Michael Tsai on Southwest Airlines and Technical Debt

This is a really interesting take on how technical debt directly contributed to Southwest’s terrible week.

From Zeynep Tufekci’s article on the NYT:

It’s been an open secret within Southwest for some time, and a shameful one, that the company desperately needed to modernize its scheduling systems. Software shortcomings contributed to previous, smaller-scale meltdowns, and Southwest unions had repeatedly warned about the software. Without more government regulation and oversight and greater accountability, we may see more fiascos like this one, which most likely stranded hundreds of thousands of Southwest passengers — perhaps more than a million — over Christmas week. And not just for a single company, as the problem is widespread across many industries.

This problem — relying on older or deficient software that needs updating — is known as incurring technical debt, meaning there is a gap between what the software needs to be and what it is. While aging code is a common cause of technical debt in older companies — such as with airlines, which started automating early — it can also be found in newer systems, because software can be written in a rapid and shoddy way, rather than in a more resilient manner that makes it more dependable and easier to fix or expand. As you might expect, quicker is cheaper.

I think what’s so insiduous about technical debt is there’s not always an obvious, clear measurement that you’ve taken on too much.
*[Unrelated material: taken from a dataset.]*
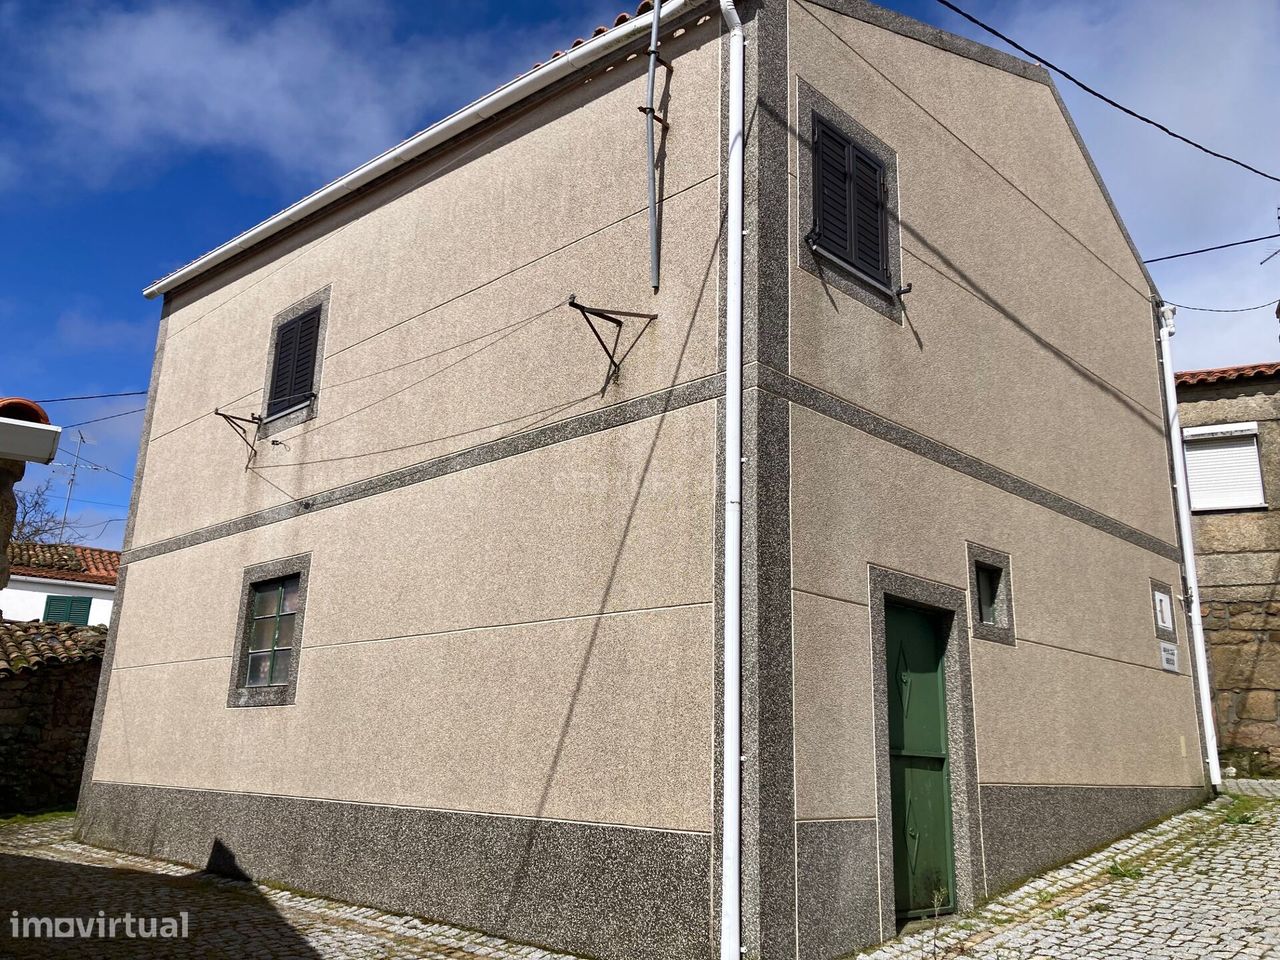 Moradia Isolada T2 em Pinzio - Pinhel - (Guarda) com garagem fechada

Every software system has some amount of technical debt, but it’s a challenge, even for experienced software engineers, to guage the level of debt. It’s not equivalent to the physical world where you can see if something is crumbling or has some other type of defect.

In some cases, software’s technical debt may be obvious, for example if its running on hardware or software that is no longer available or updated by it’s developers. COBOL running on a mainframe is a good example.
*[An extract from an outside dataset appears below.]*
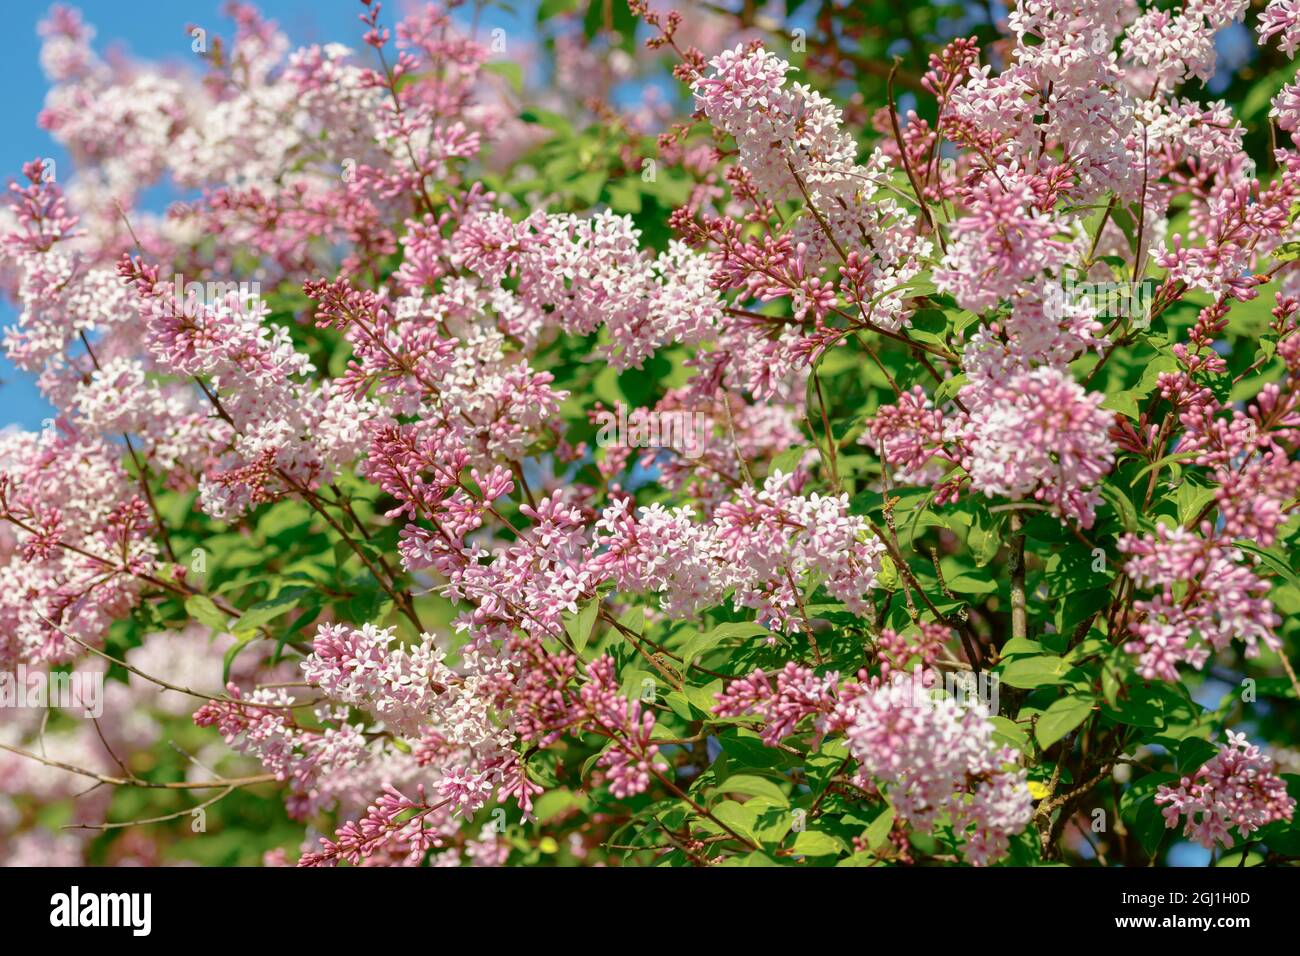 Schöner rosafarbener Fliederzweig mit Blumen und Knospen im Sommergarten Stockfoto

However, as Tufekci’s article states, even newer software can suffer from technical debt. On the contrary, it is possible for old software to be well maintained and have an acceptable amount of technical debt. For example, many modern operating systems (such as Linux) are decades old yet remain well maintained and cutting edge.

It’s likely that Southwest runs on programming languages and operating systems that are actively updated, but the debt lies in the software that they’ve written and runs their business. This is probably the case that a lot of companies in the 10-20 year old range fall into, and they would not be unique if they had technical debt that has gone out of control.

It’s an industry problem. We lack the tools and techniques to appropriately guage tech debt in quantifiable ways. How much technical debt is too much and how much impact it may have on a business boils down to opinion. Different engineers will debate with each other on this topic. There’s no standard, industry bechmarks or regulations to turn to, unlike other fields of engineering.

Perhaps our field will develop such standards, but my hunch is that software is unique enough from other engineering disciplines that we may never be able to develop such standards. I’d like to be wrong about this.

Does anyone know of productive cases of measuring tech debt? Or systemic ways to keep it within a maintainable limit?